WHAT TO DO »
An exact, complete copy of the entries below is required, minus any pictures.

RECORDS FOR THIS TASK »
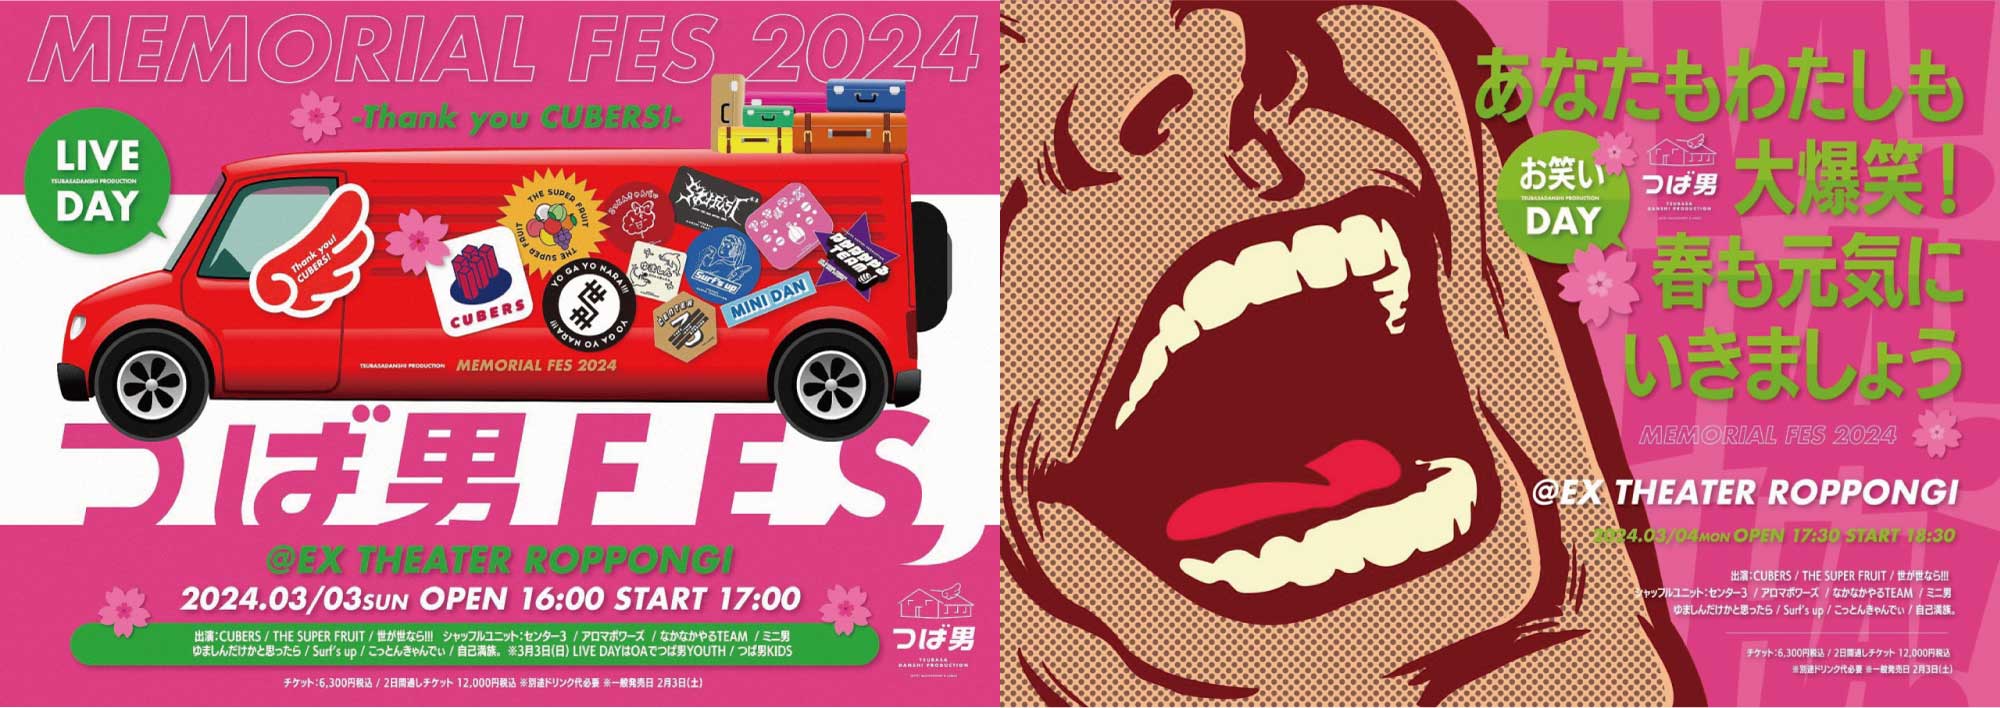 【NEWS”1″】つば男MEMORIAL FES 2024にて「CUBERS LAST LIVE – Final scene and Life goes on – 」「THE SUPER FRUIT 2nd ONEMAN TOUR – Blue Fruits Tour2024 -」  「世が世なら!!! 人生敗者復活戦ツアー!!! – 裏・天下一武道会2024- 」手売りチケット販売＆つば男総勢18名お見送り会実施決定！(2024.02.28更新)
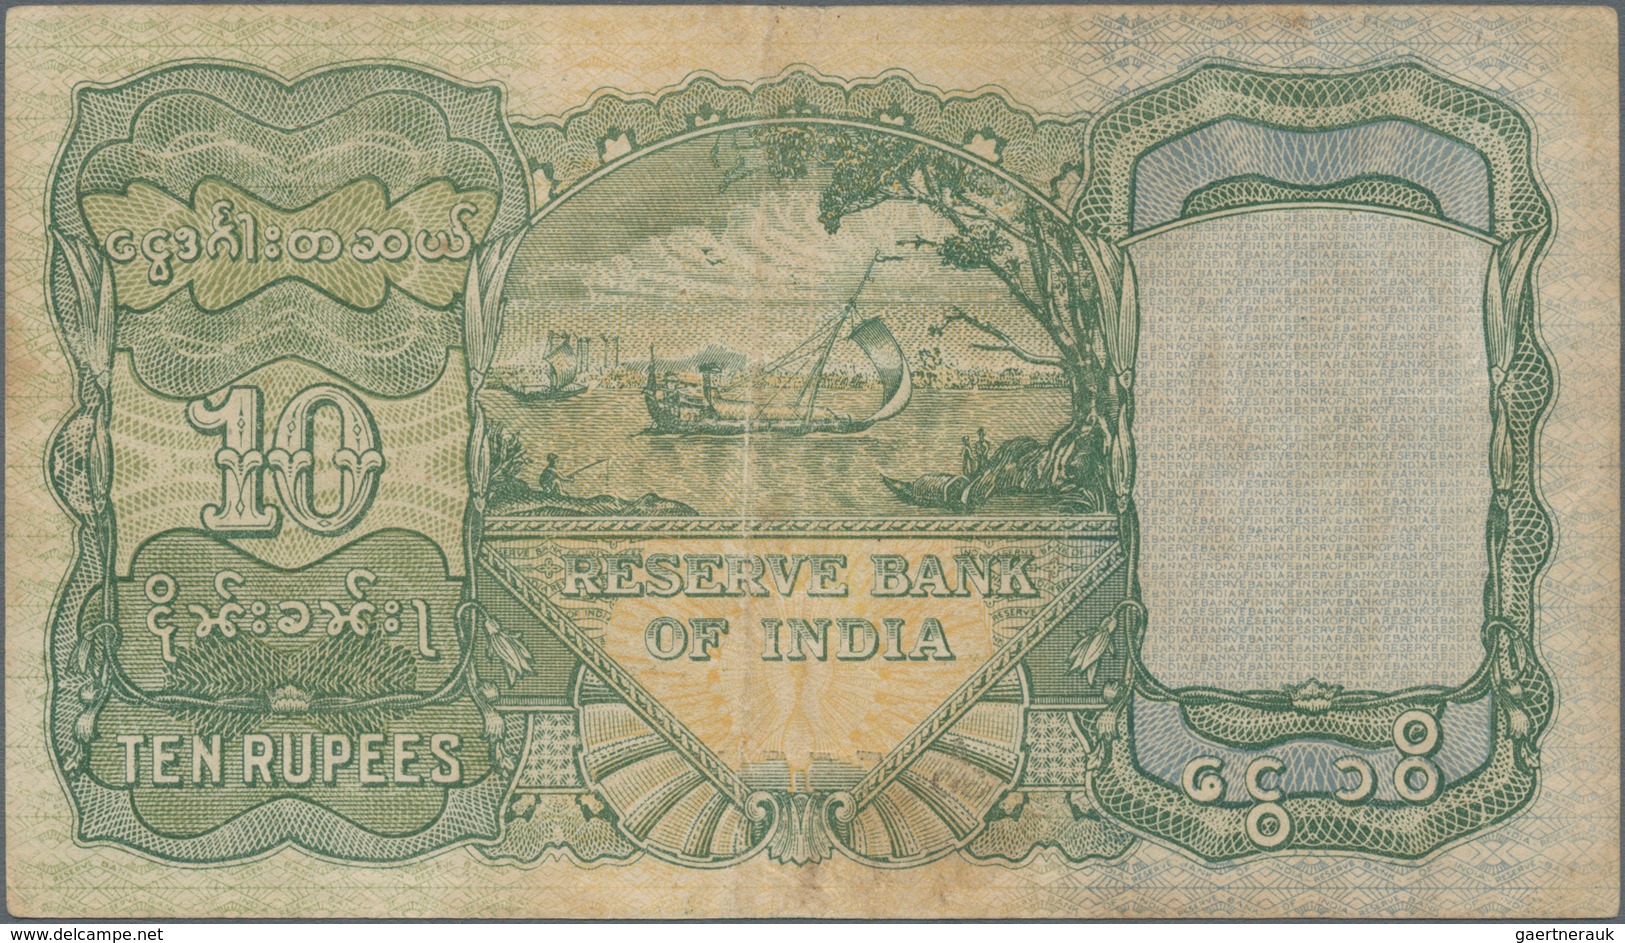 Burma / Myanmar / Birma: 10 Rupees ND Portrait KGIV P. 5 In Lightly Used Condition With Light Folds - Myanmar
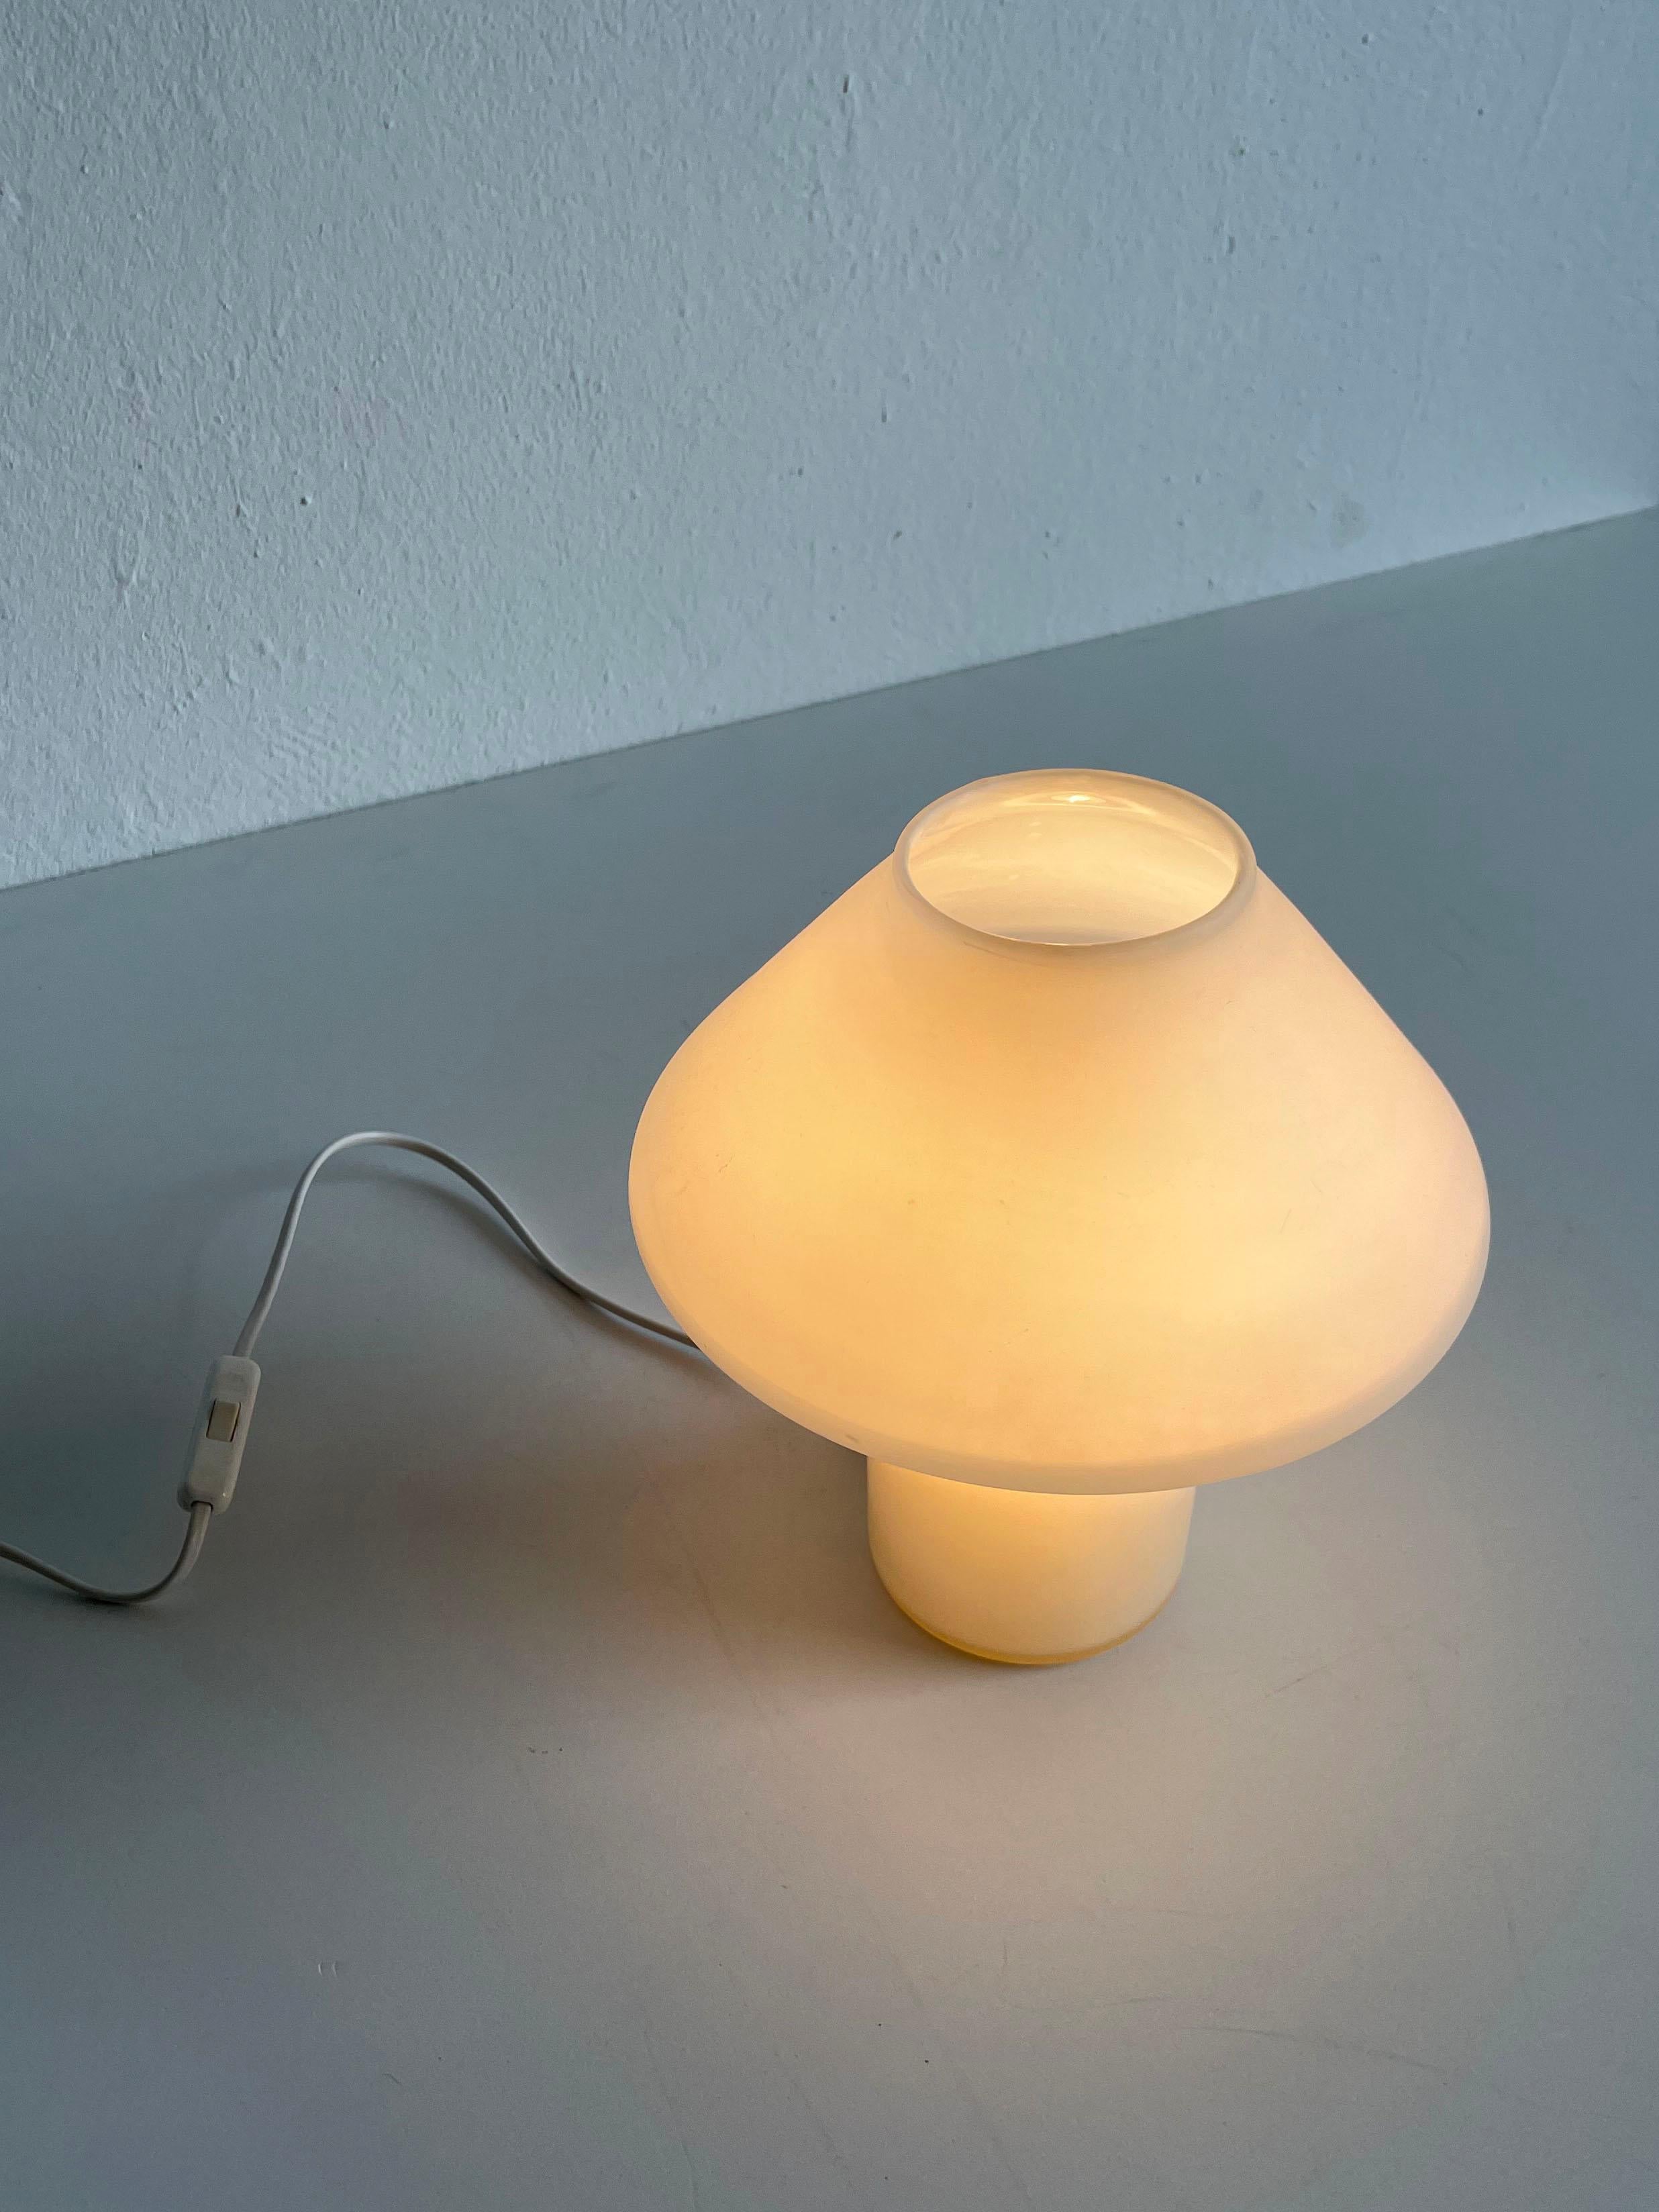 1970s white satin glass mushroom table lamp designed by the Dutch lighting manufacturer Hala Zeist.
The lamp has a mushroom-shape top design with a cylindrical base.

The lamp is unmarked.

It has one E14 lamp socket and an European 2-pin

SOLUTION TO THIS TASK »
 【NEWS”1″】つば男MEMORIAL FES 2024にて「CUBERS LAST LIVE – Final scene and Life goes on – 」「THE SUPER FRUIT 2nd ONEMAN TOUR – Blue Fruits Tour2024 -」  「世が世なら!!! 人生敗者復活戦ツアー!!! – 裏・天下一武道会2024- 」手売りチケット販売＆つば男総勢18名お見送り会実施決定！(2024.02.28更新)
 Burma / Myanmar / Birma: 10 Rupees ND Portrait KGIV P. 5 In Lightly Used Condition With Light Folds - Myanmar
 1970s white satin glass mushroom table lamp designed by the Dutch lighting manufacturer Hala Zeist.
The lamp has a mushroom-shape top design with a cylindrical base.

The lamp is unmarked.

It has one E14 lamp socket and an European 2-pin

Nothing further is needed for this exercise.